Parlez-vous HIV study lingo? Some common research terms:

Cohort—A group being studied. Notable cohorts include the Multicenter AIDS Cohort Study (MACS), with more than 5,000 gay and bisexual male HIVers across America, and the Women’s Interagency HIV Study (WIHS), involving more than 2,500 women.

Bias—A flaw that changes the results. Example: A “selection bias” skews data because of unrepresentative subjects—only seeking participants from the back rooms of sex clubs, say, to study gay men’s safer-sex practices.

Blinded—Participants don’t know if they’re getting the treatment drug or the placebo (or a new combo vs. an older one). Researchers can be blinded, too, not knowing which treatment which patients get.
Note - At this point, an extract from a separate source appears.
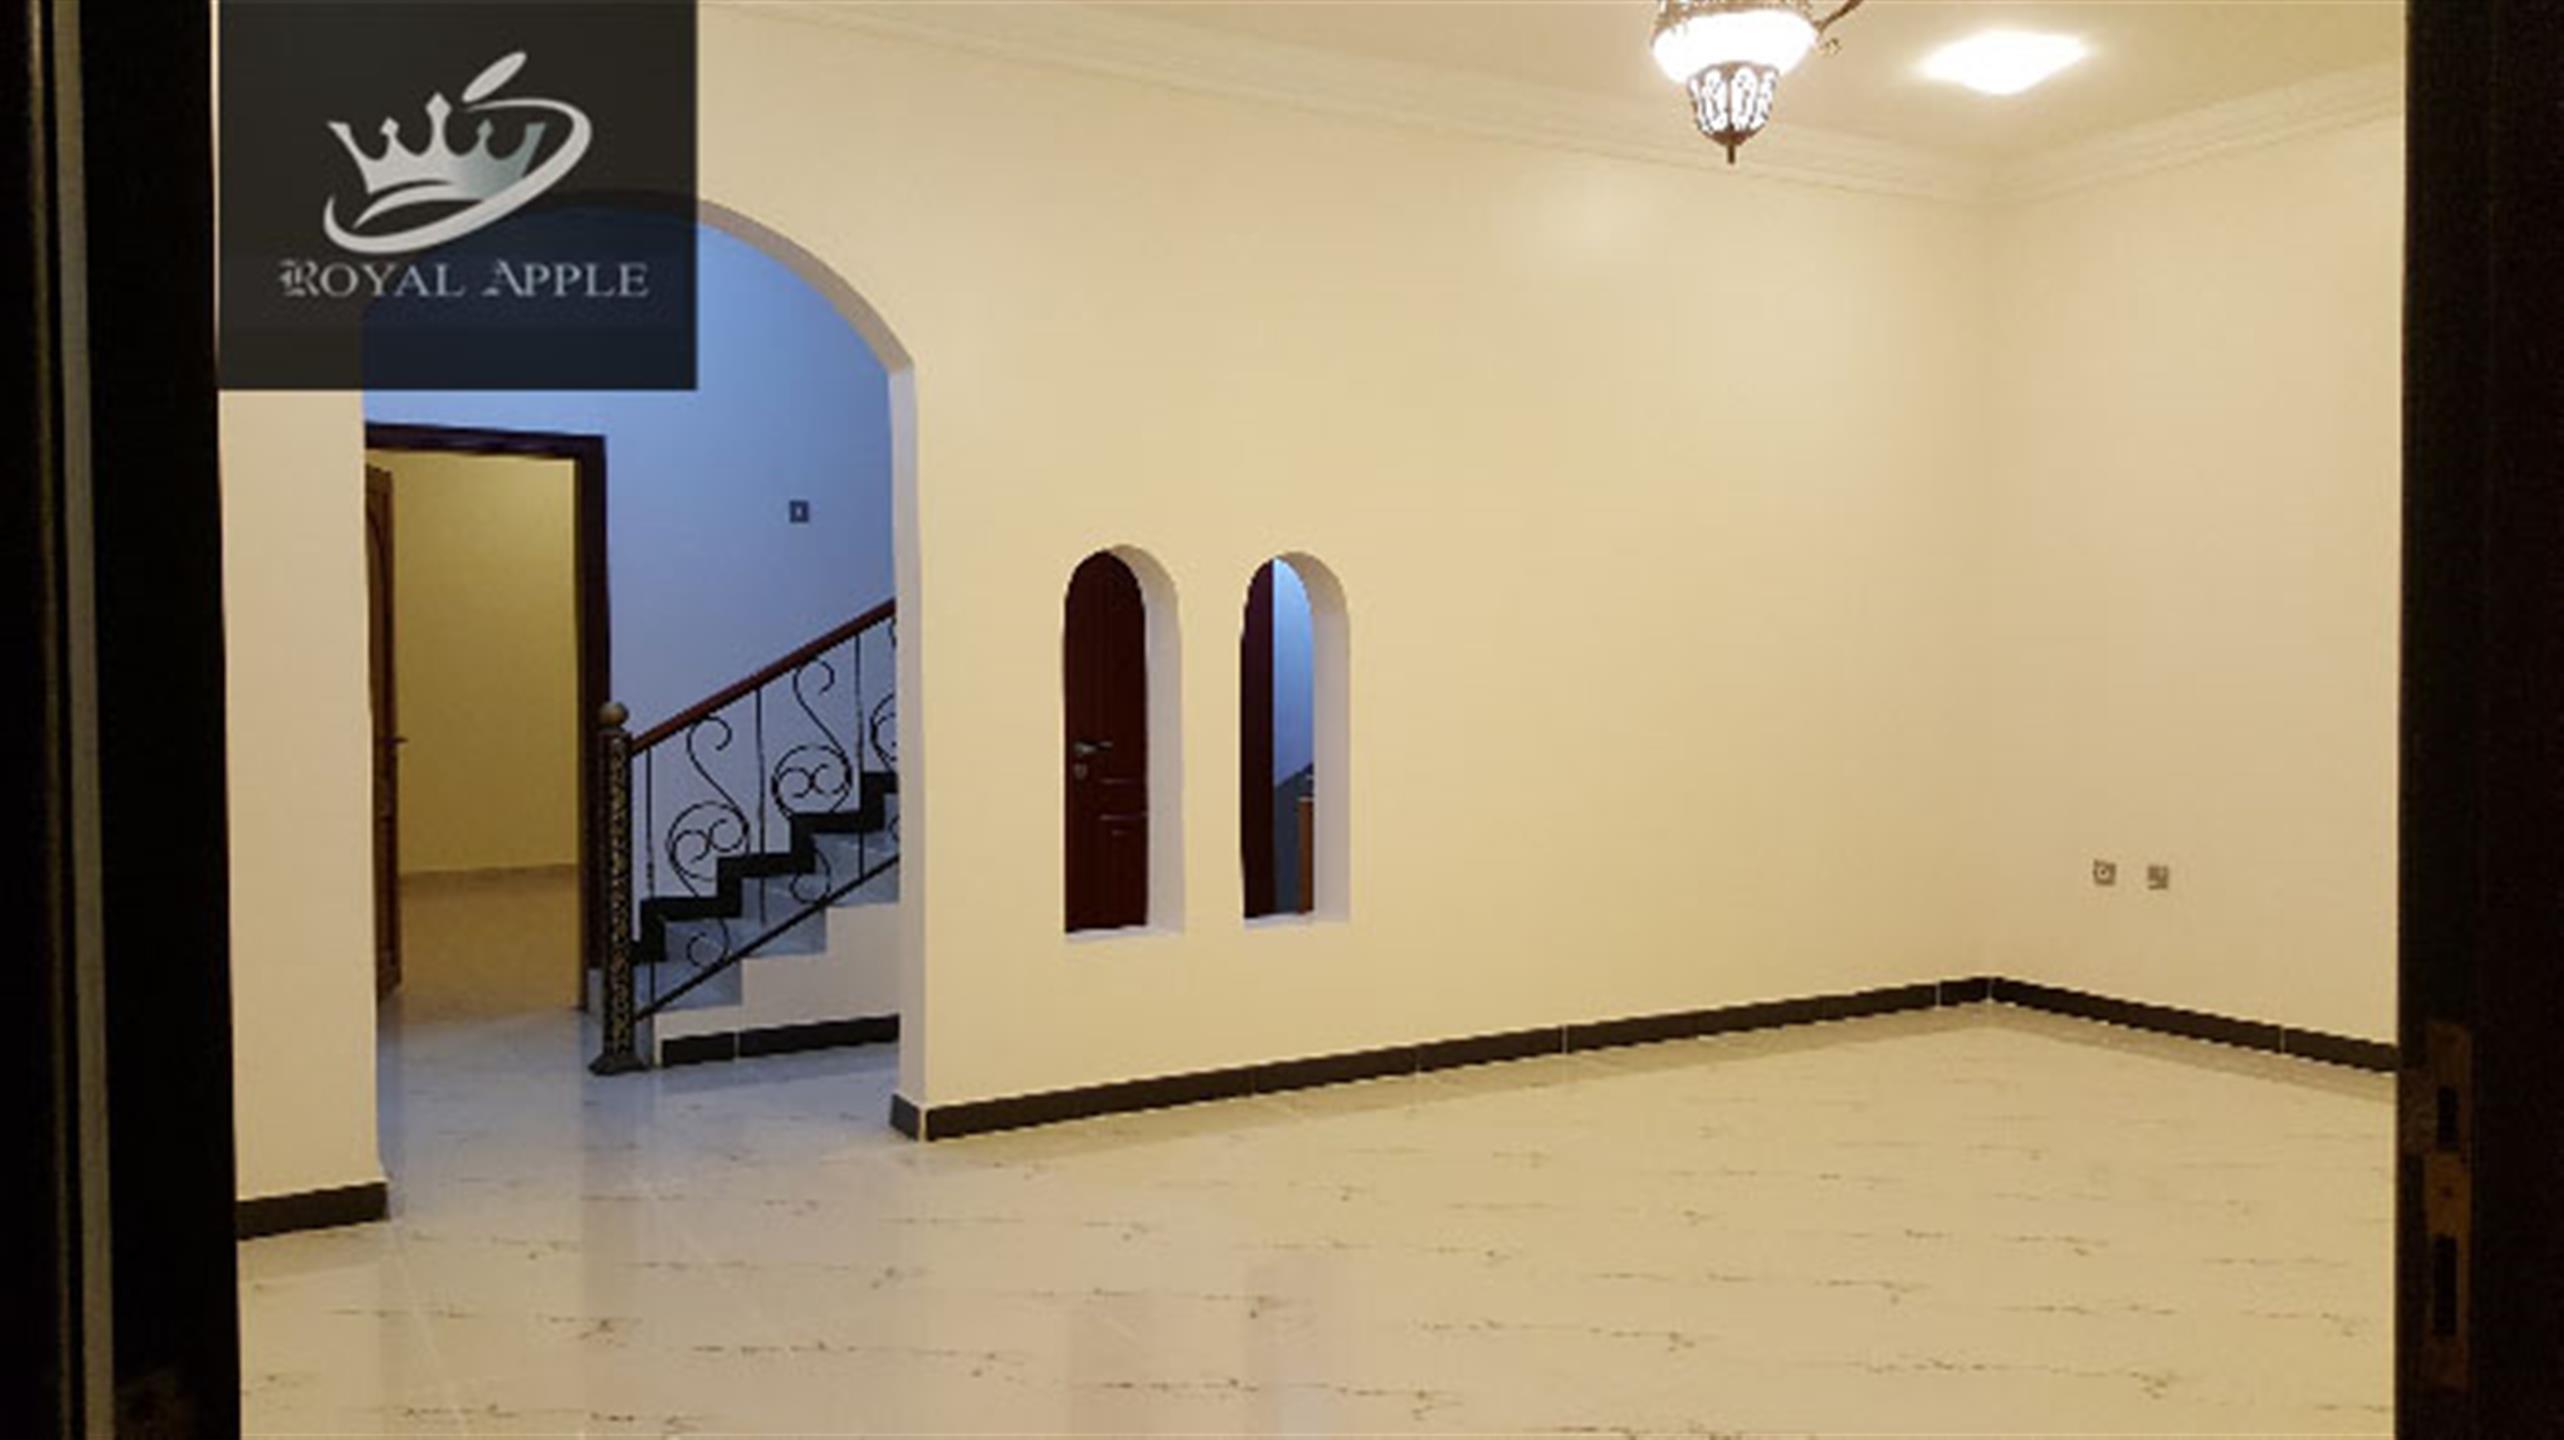 Ex-Bachelor 7 Bedroom 5 Bathroom Semifurnished Compound Villa in Ain Khalid Near Ain Khalid Gate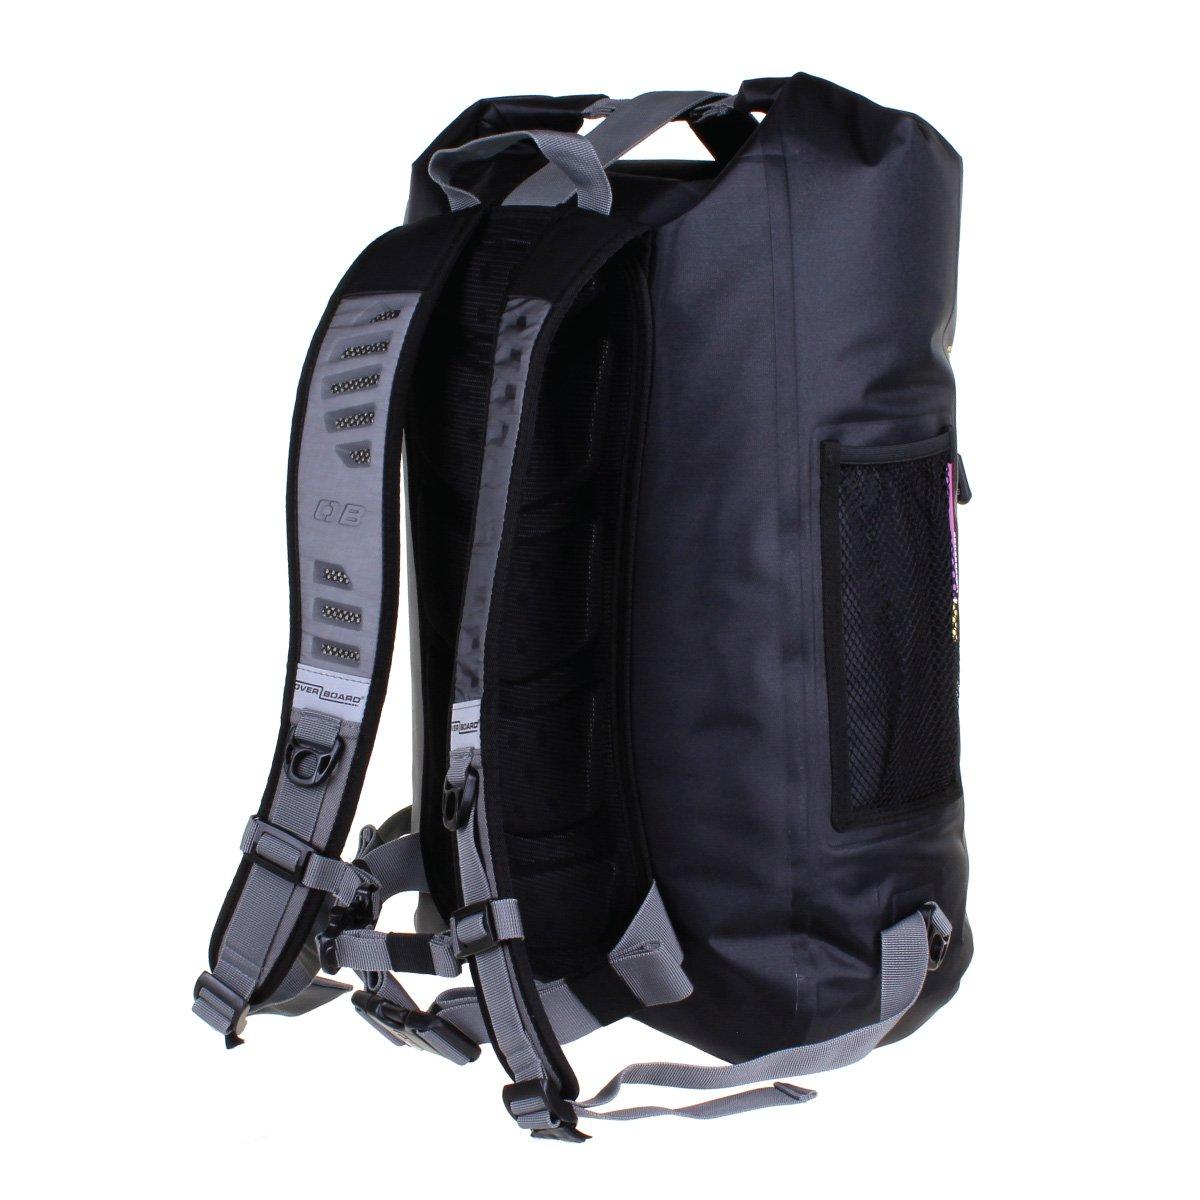 3fed1f4a2349 Pro Light Waterproof Backpack 20 Litres- Fenix Toulouse Handball

Patients and researchers both in the dark? The study is double-blinded.

For more AIDS-related medical and research terms, visit www.smartlink.net/~martinjh/ch_glos.htm

FOLLOW THE MONEY

No matter who pays for a study, results are results.
But drug companies often put the best face on the outcome, highlighting their products’ strengths and putting the weaknesses in fine print.

Case in point: the VaxGen trial. Results showed the vaccine overall gave no protection against HIV, but the company spun the news focus on the small group of minority participants who might have derived a real benefit.

Media reports often don’t name the funder, so read critically.